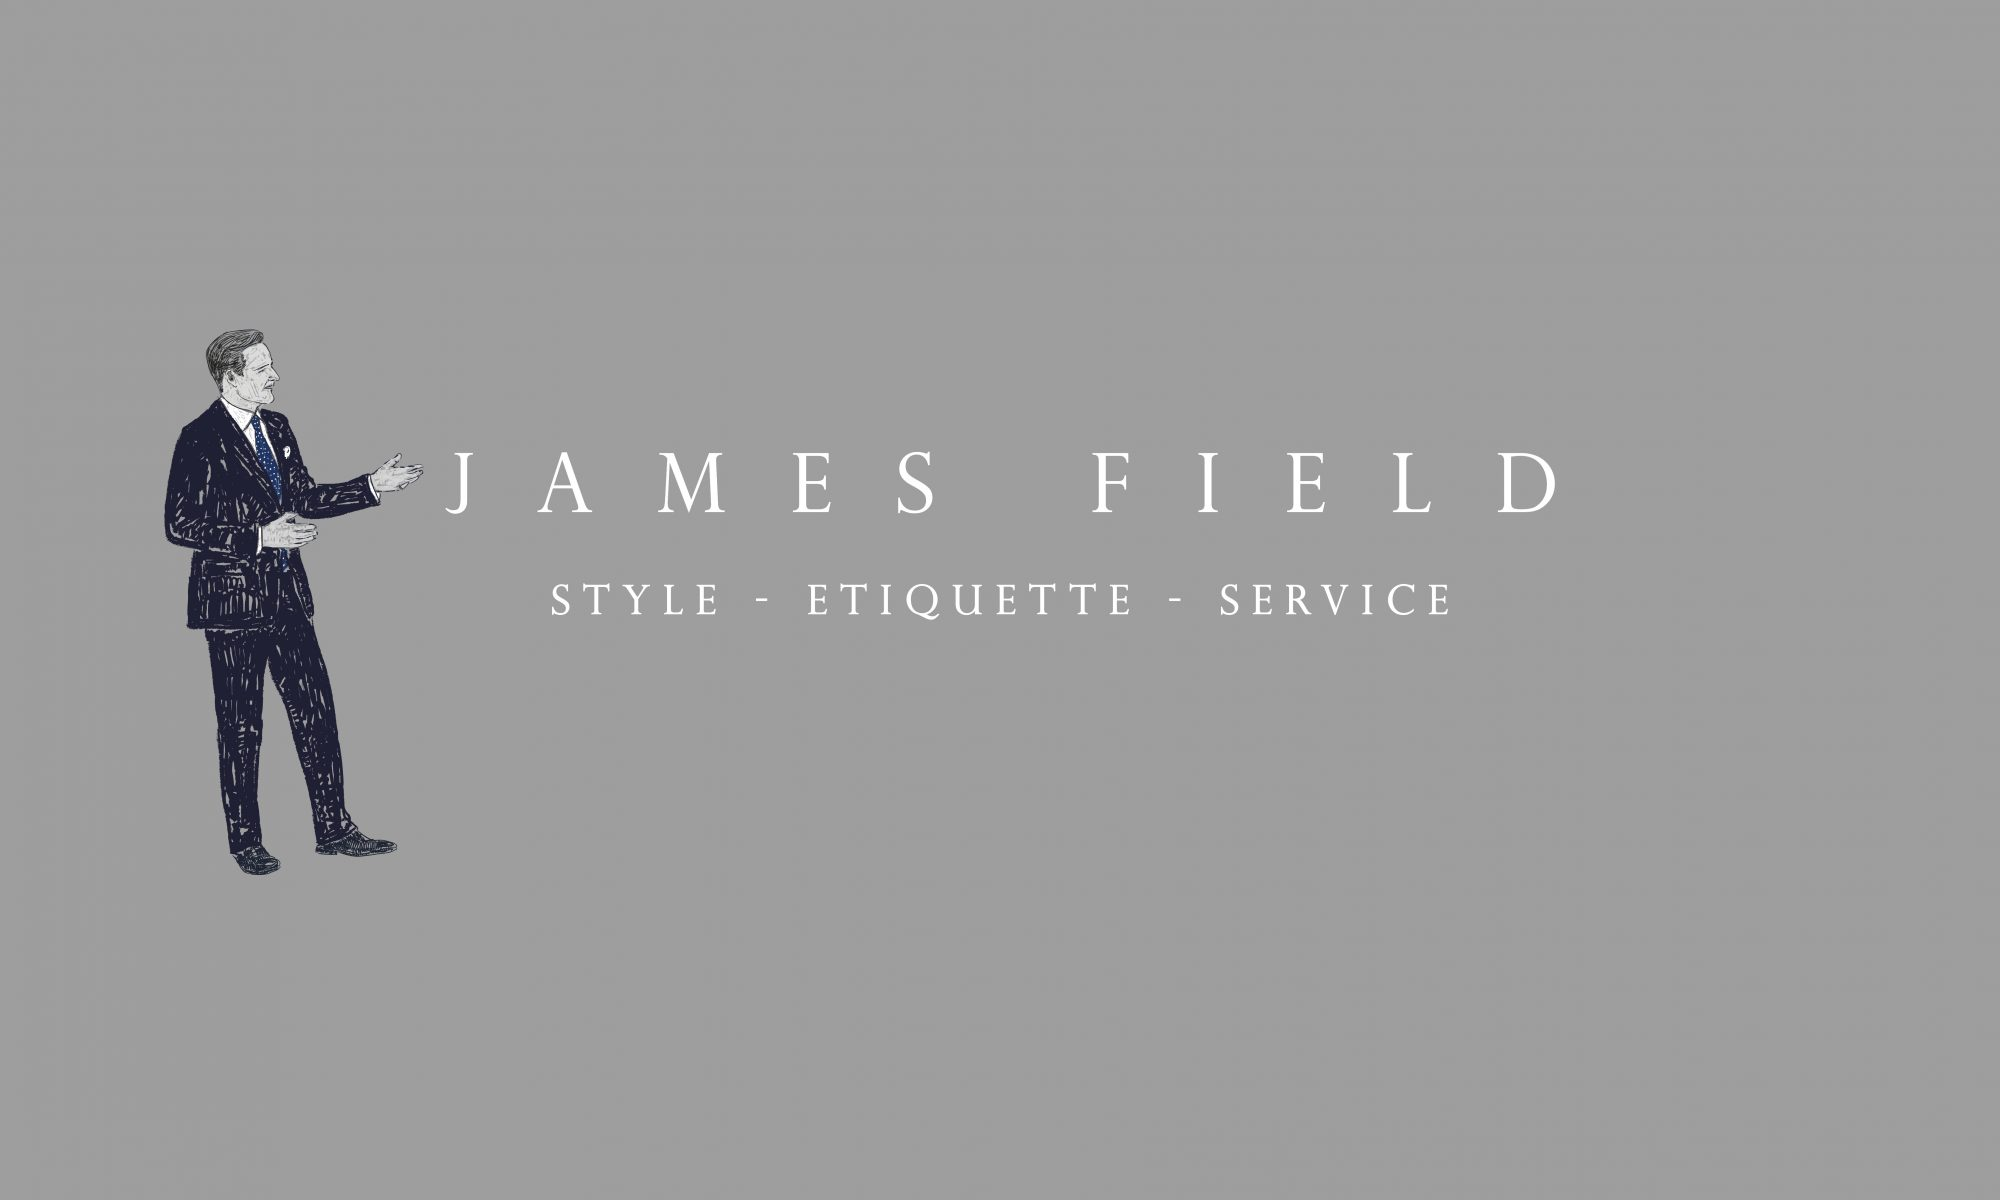 JAMES FIELD
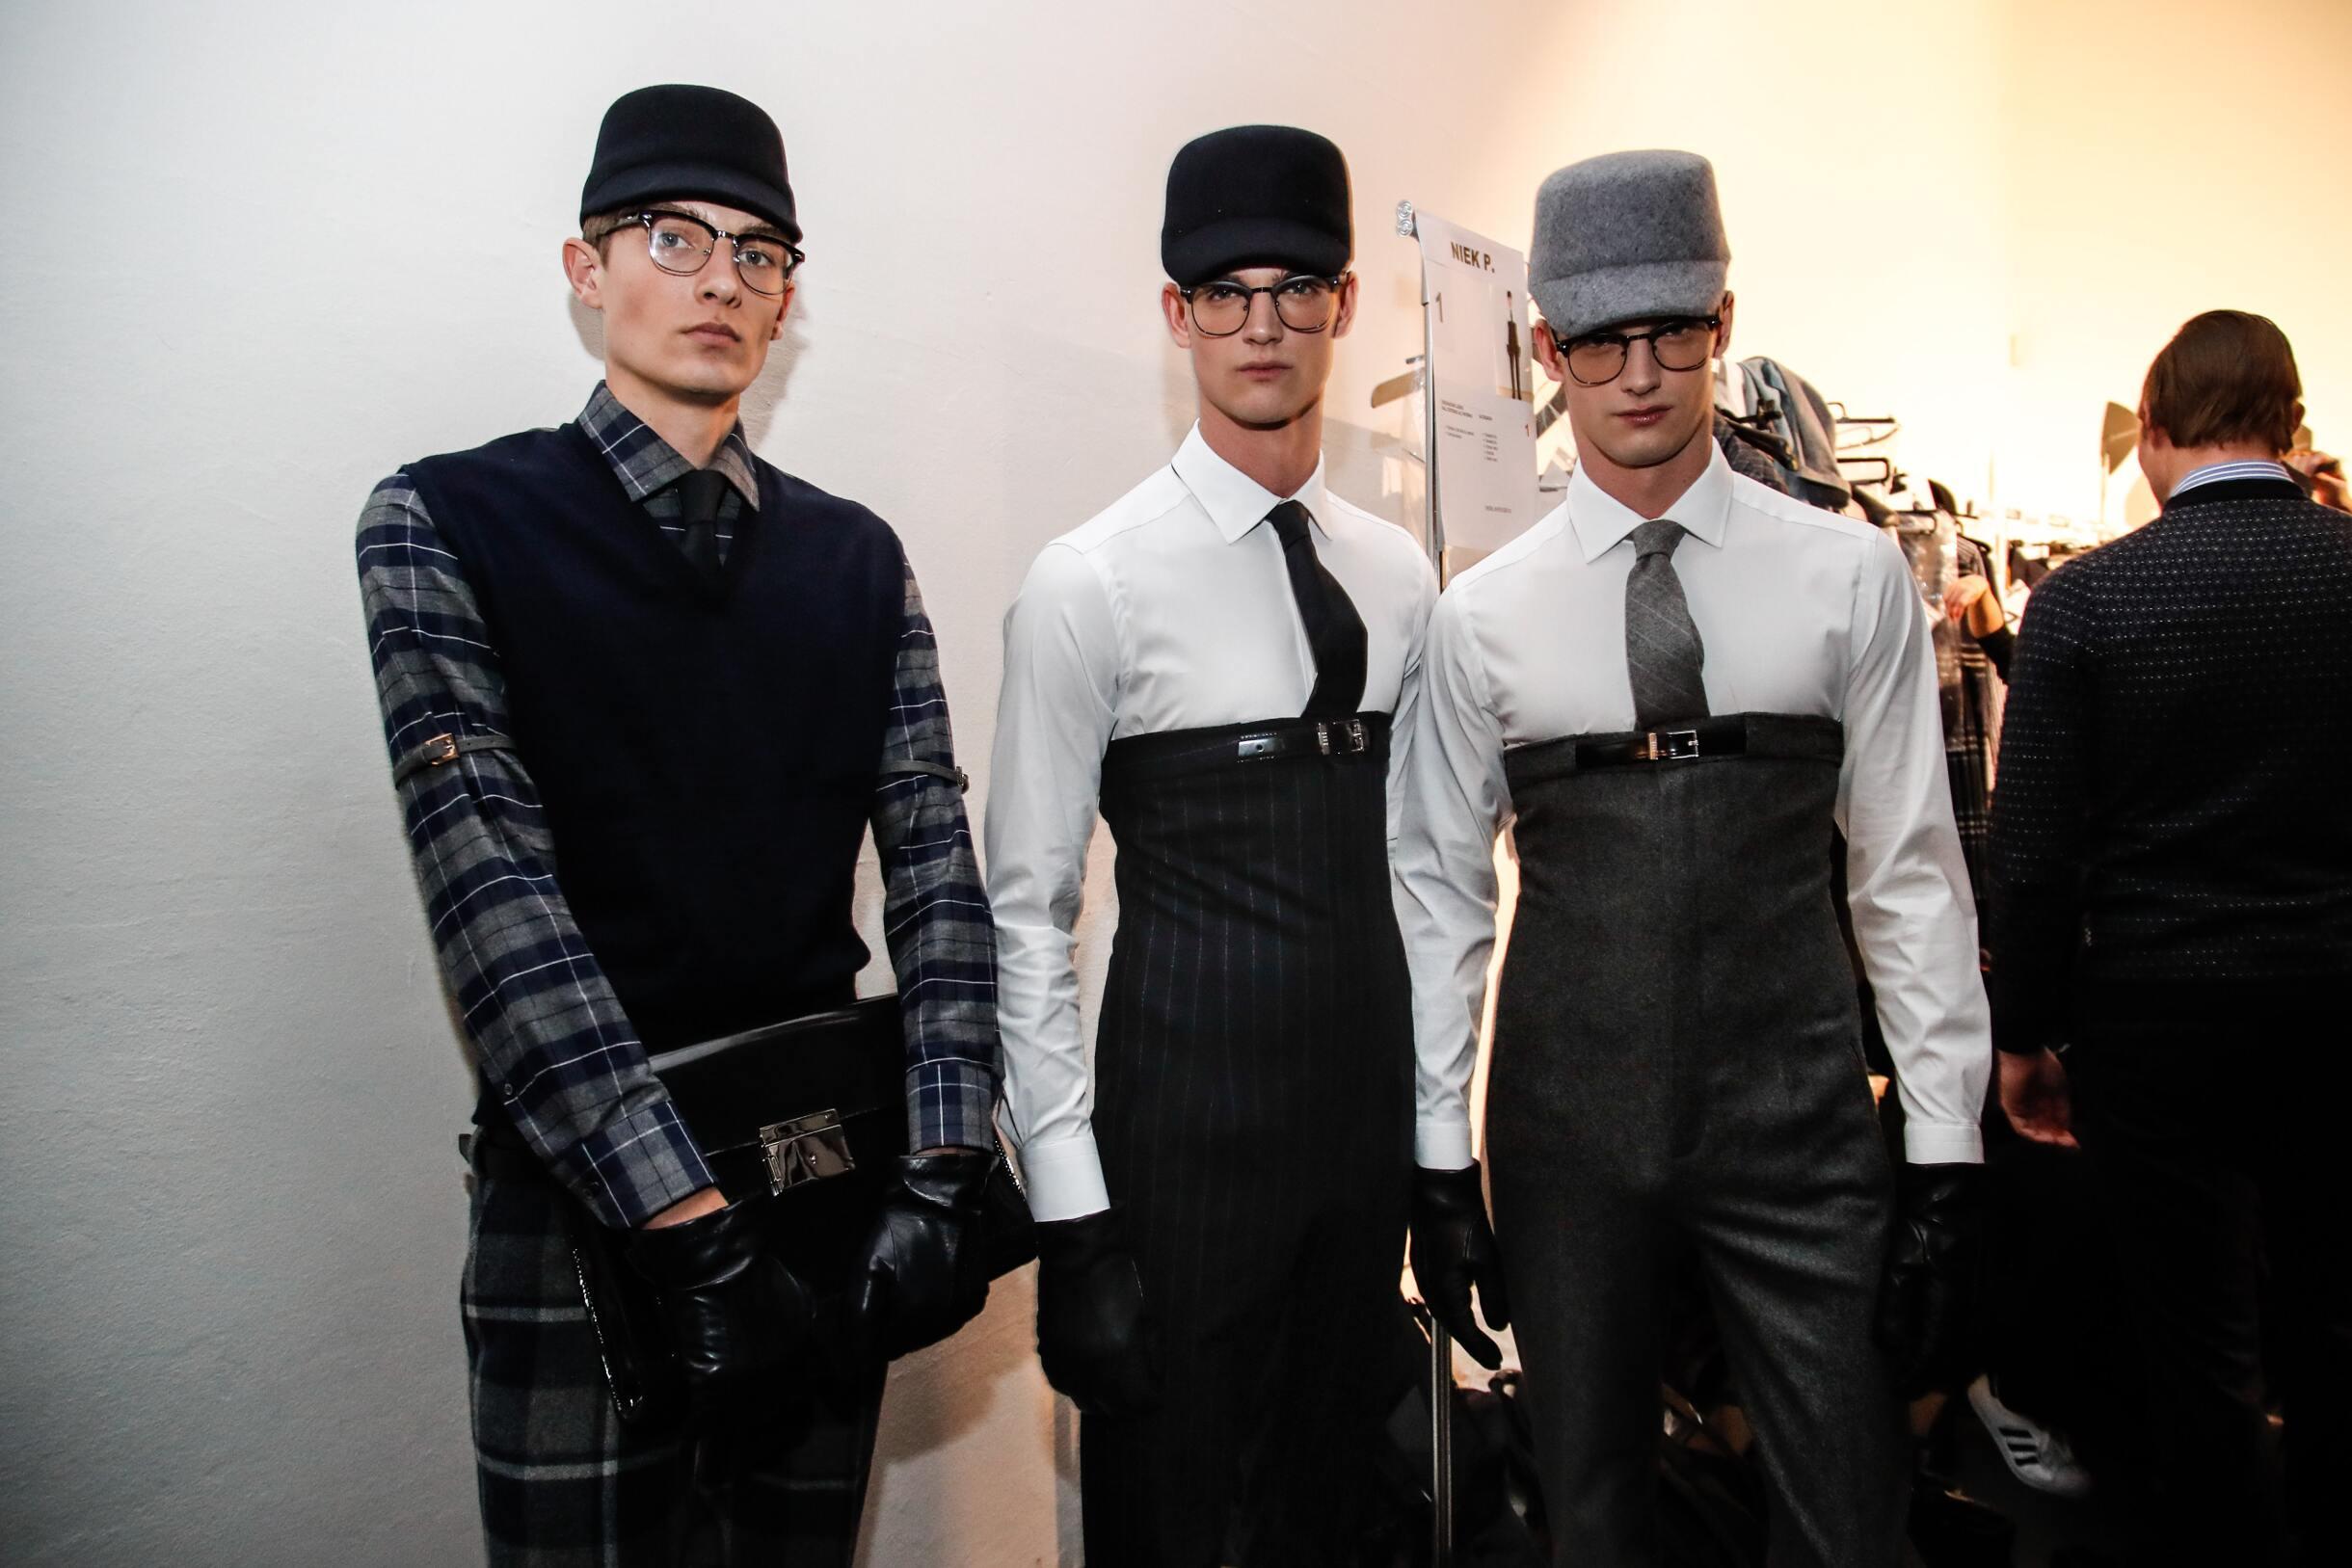 Men Models Daks Backstage Milan Fall Winter 2017-18
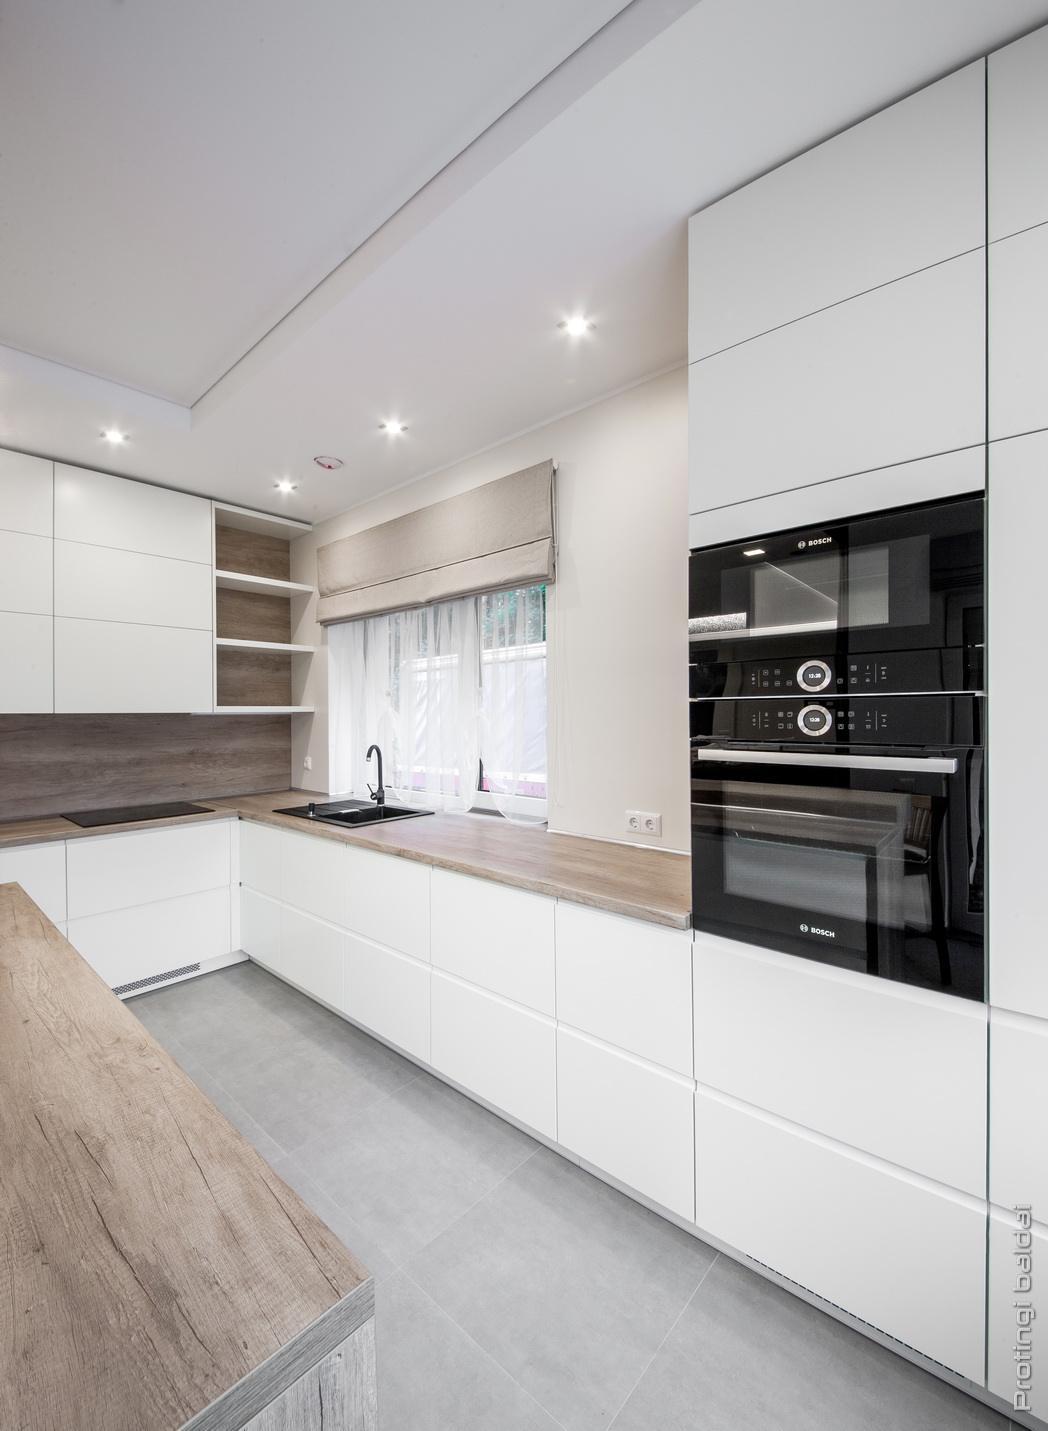 virtuves_baldai_pb22_05

#### [PROBLEM REQUIREMENTS]
Write out every line above exactly as it is, leaving out the pictures.

#### [RESPONSE AREA]
 JAMES FIELD
 Men Models Daks Backstage Milan Fall Winter 2017-18
 virtuves_baldai_pb22_05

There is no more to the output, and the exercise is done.